# look what I got for supper



## SWAMPBUCK10PT (Apr 5, 2010)

After taking Sharon and her Mom out from Breakfast this morning. They wanted to watch the Tiger Game I usually do too. But :fishing:I wetted a line and drowned a few worms at my favorite Beaver Pond instead-- 7 cast had my limit of 5 Brookies--Also watch the 8th and 9th innings-- Tigers win---Hey !!! how about Verlander's no hitter yesterday?? ----SB
View attachment 2847


----------



## youngdon (Mar 10, 2010)

Good job Skip, them fish must be hungry. Always rooted for the Tigers when I lived there(and hated the Yankees). We have our D'backs but in the Americn league I still root for the Tigers and still hate the Yankees.


----------



## On a call (Mar 3, 2010)

Good job Skip...I should give some of my beaver ponds a try. How deep and large are your ponds ?


----------



## ReidRH (Feb 1, 2010)

Good Looking Fish and Your team Won too!
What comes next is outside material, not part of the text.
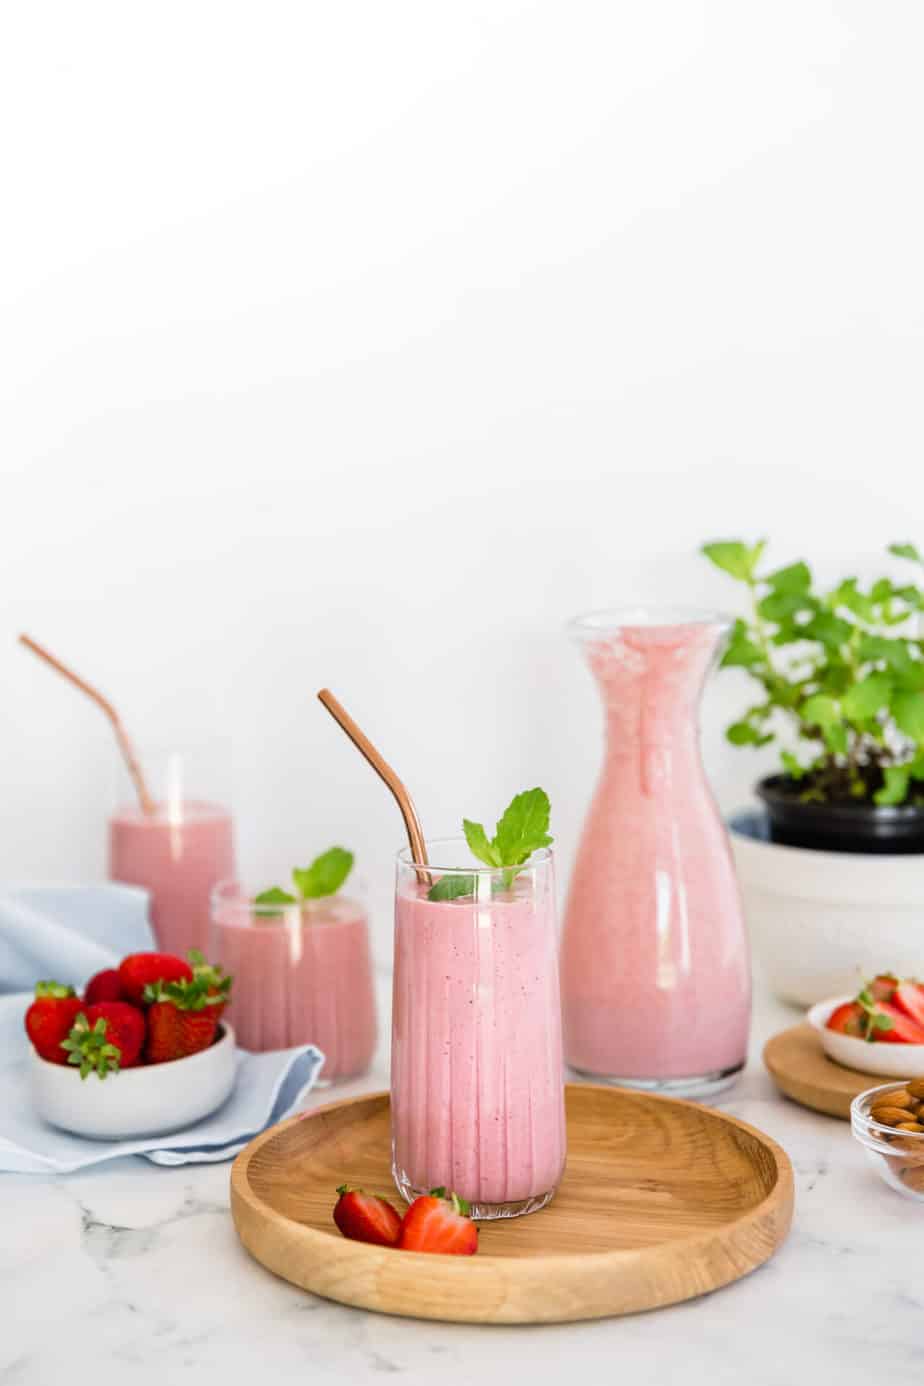 A smoothie in a glass serving glass with a copper straw on a wooden board.

Sounds like a good day!


----------



## hassell (Feb 9, 2010)

Definitely a good day Skip, Hmmm pan fried trout, one of my favorites.


----------



## On a call (Mar 3, 2010)

Yeah...pan fried I have to say is one of mine too !

Smoked is a close second.


----------



## youngdon (Mar 10, 2010)

I normally grill mine, but it's over a camp fire.


----------



## Antlerz22 (Apr 18, 2011)

Brookies by far were my favorite eating trout. Red meat and slightly sweet, was delicious. Used to cook them up for breakfast after catching them fresh the same morning, when I lived in CO. If you ever get the chance, buy some Panther Martin Lures in a size 6 preferably or the 4. The color to use is the yellow body with red dots on it and a silver spinner with bucktail. My favorite approach is to cast upstream where the stream/river was carving underneath the banks in the bends. I actually would go on hands and knees as the final approach and reel fast enough to keep the spinner working but no faster, and almost everytime when it was swept underneath the bank I would get a strike. I lure fished for them almost exclusively as it was presenting itself to more fish by the distance traveled. Also whats important here about that lure brand in particular is this. it has a concave design in the spinner where the main wire runs through. And that creates a pulsating "sound" the fish can hear for a distance thereby making them look to see whats coming--and the result is more strikes and fish! Its almost like the fox lures (which copied them) but a bit different in their(fox) design. Cabelas has them as does Bass Pro Shops but even so the right color combination and size are a bit hard to find. Remember this as well, the bigger the lure (within reason) the bigger the fish! You dont sit down to a kiddie plate when youre hungry and fish arent any different, meaning size affects thier response as well--IMO. Enjoy your catch! Nice catch and thanks for sharing the pics!


----------



## On a call (Mar 3, 2010)

X2 on the Panther Martin ! Except I liked the black with white dots and a gold blade but I think they all would work.


----------



## Mattuk (Oct 16, 2010)

Good work SB, lovely looking trout. I really must get out and wet a fly line myself.


----------